東雲院のやり方に疑問を持ち始めたのは、信者の家のゴミ箱を漁るようになってからだった。

「何故こんなことをするのだろう、そんな必要があるのだろうか?」

美姫は、恩人である東雲院にその事を訊く事を躊躇(ためら)った。

後から金閣に聞いた話では、薬の袋はその人の体調を、レシートは金銭感覚を知るための大切な情報源になる、と言う事だった。

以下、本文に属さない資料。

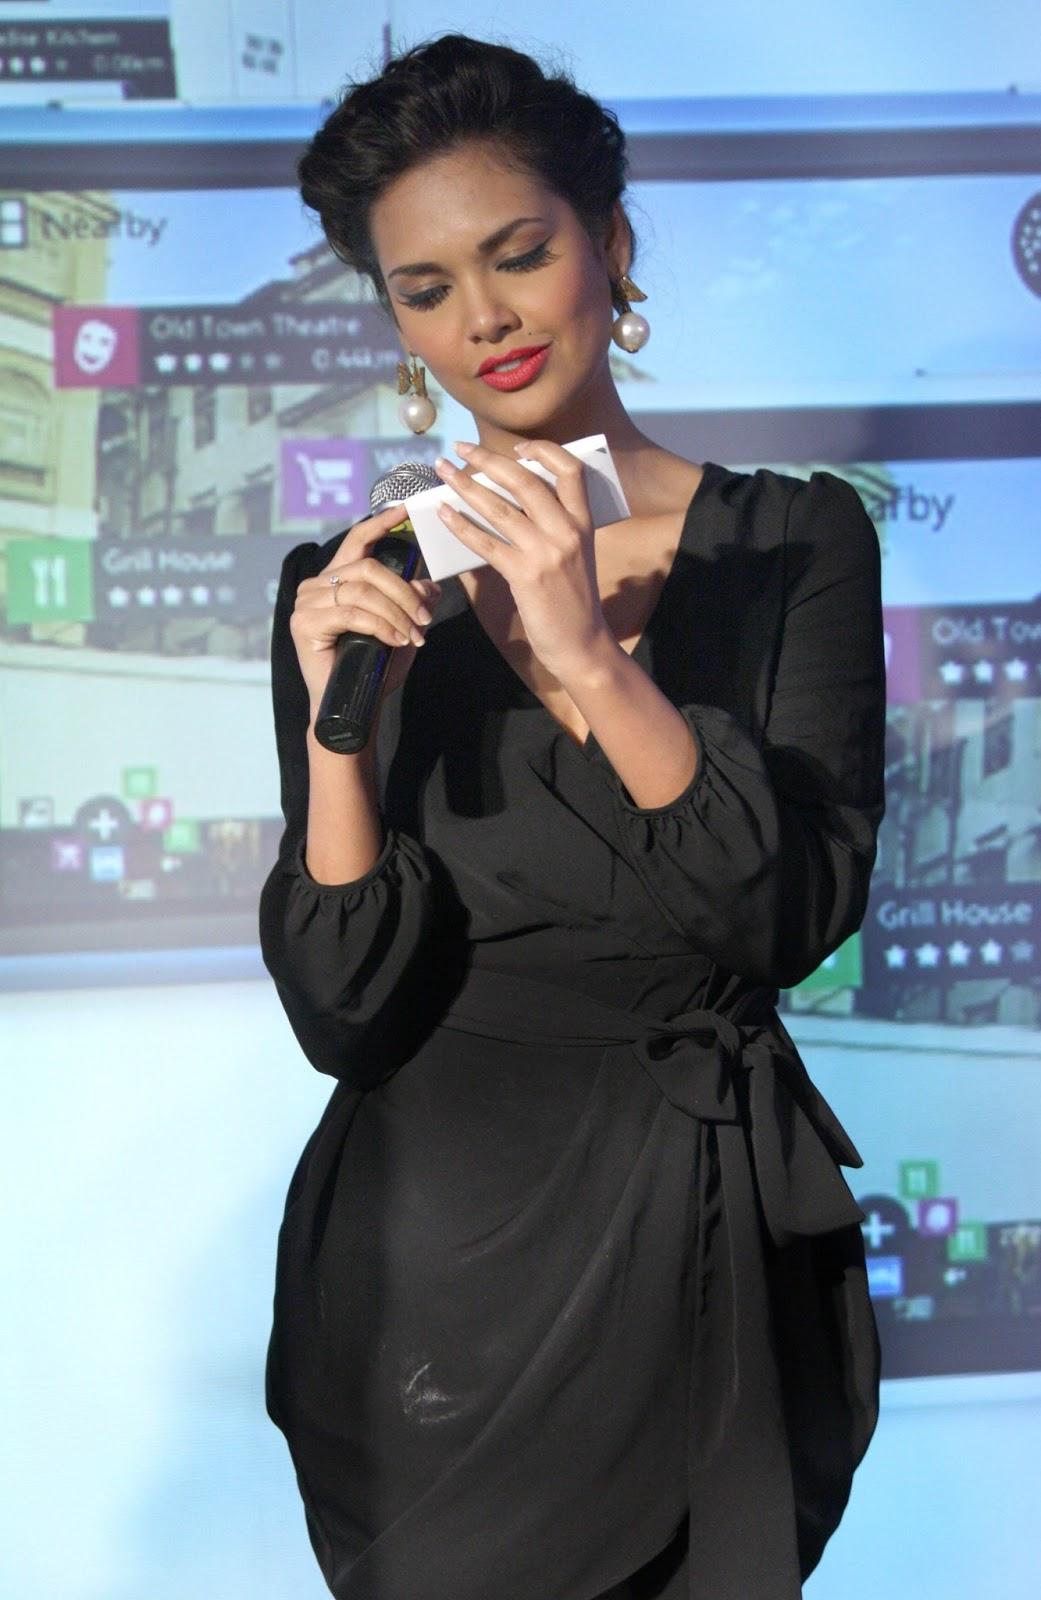 Esha Gupta launches Lumia-900 Nokia Product - Sexy

悶々とした日々を送っていたある日、その事件は起きた。



「この本を見よ。この本の中には神を冒涜する言葉が連綿と綴られている」

東雲院の差し出した本には、『幻想小説短編集』という文字が書かれていた。

作家は秦太一。聞いたことのない名である。

「この本が売れれば、我々の活動の障りになる事は間違いない」

「東雲院様、どういたしましょう?」金角が訊いた。

「この、秦と云う作家に、神罰を与える。早々に拉致して参れ」

「はっ、早速!」銀角が答えた。

「待って下さい東雲院様。それでは誘拐ではありませんか?警察に知れたら罪を被る事にもなりかねません!」

「織姫よ、心配ない。ただ謝罪をさせるだけじゃ」

「でも!」

「織姫、東雲院様に逆らうつもりか?」

「今まで受けた御恩を忘れたか!」

金角銀角が口々に美姫を罵った。

「そんなつもりは無いけど・・・」

「お前はここで待っていろ!」二人は部屋を出て行った。

「儂は庫裏におる。お前も部屋で二人の帰りを待て」そう言って東雲院も出て行った。

後には、秦太一の書いた本が残されていた。

美姫は、その本を手にとって最初のページを開いた。




                     4



「おじさん、最近よく来るわね」

カナちゃんは僕を、おじさんと呼ぶことに決めたみたいだ。

「カナちゃん、上達したね。見違えたよ」

「本当!ありがとう。そう言ってもらえると嬉しいです」

「秦さん、小説読みました。とても面白かった」

メイメイさんがそう言ってくれたので、僕も素直に嬉しかった。

「私は不満だけど、活躍したから許してあげます」

「ありがとう。今度はもっといい役にするよ」

「お願いします」

カナちゃんが僕に向かって頭を下げた。

「ところでメイメイさん、お願いがあるのですが・・・」

「なんですか、改まって?」

「実は、僕の小説のファンが、どうしてもあの小説の主人公のモデルになった人に会いたいと言うのです」

「女の方ですか?」

「はい、僕のアパートの向かいの部屋に住んでいます」

「おじさんの彼女?」カナちゃんが訊いた。

「ち、違うよ、ただのお向かいさんだよ!」

「慌てちゃって、怪しいわ」

「違う違う違う・・・」僕は必死になって否定した。

「カナちゃん、失礼よ・・・いいですわ、私で良ければお会いしましょう」

「あ、ありがとうメイメイさん。恩に着ます!」僕は両手を合わせて、メイメイさんを拝んだ。

「まぁ、そんなにしなくっても・・・」

「では、時間と場所は追ってご連絡します!」僕は急いでではるみ荘に取って返した。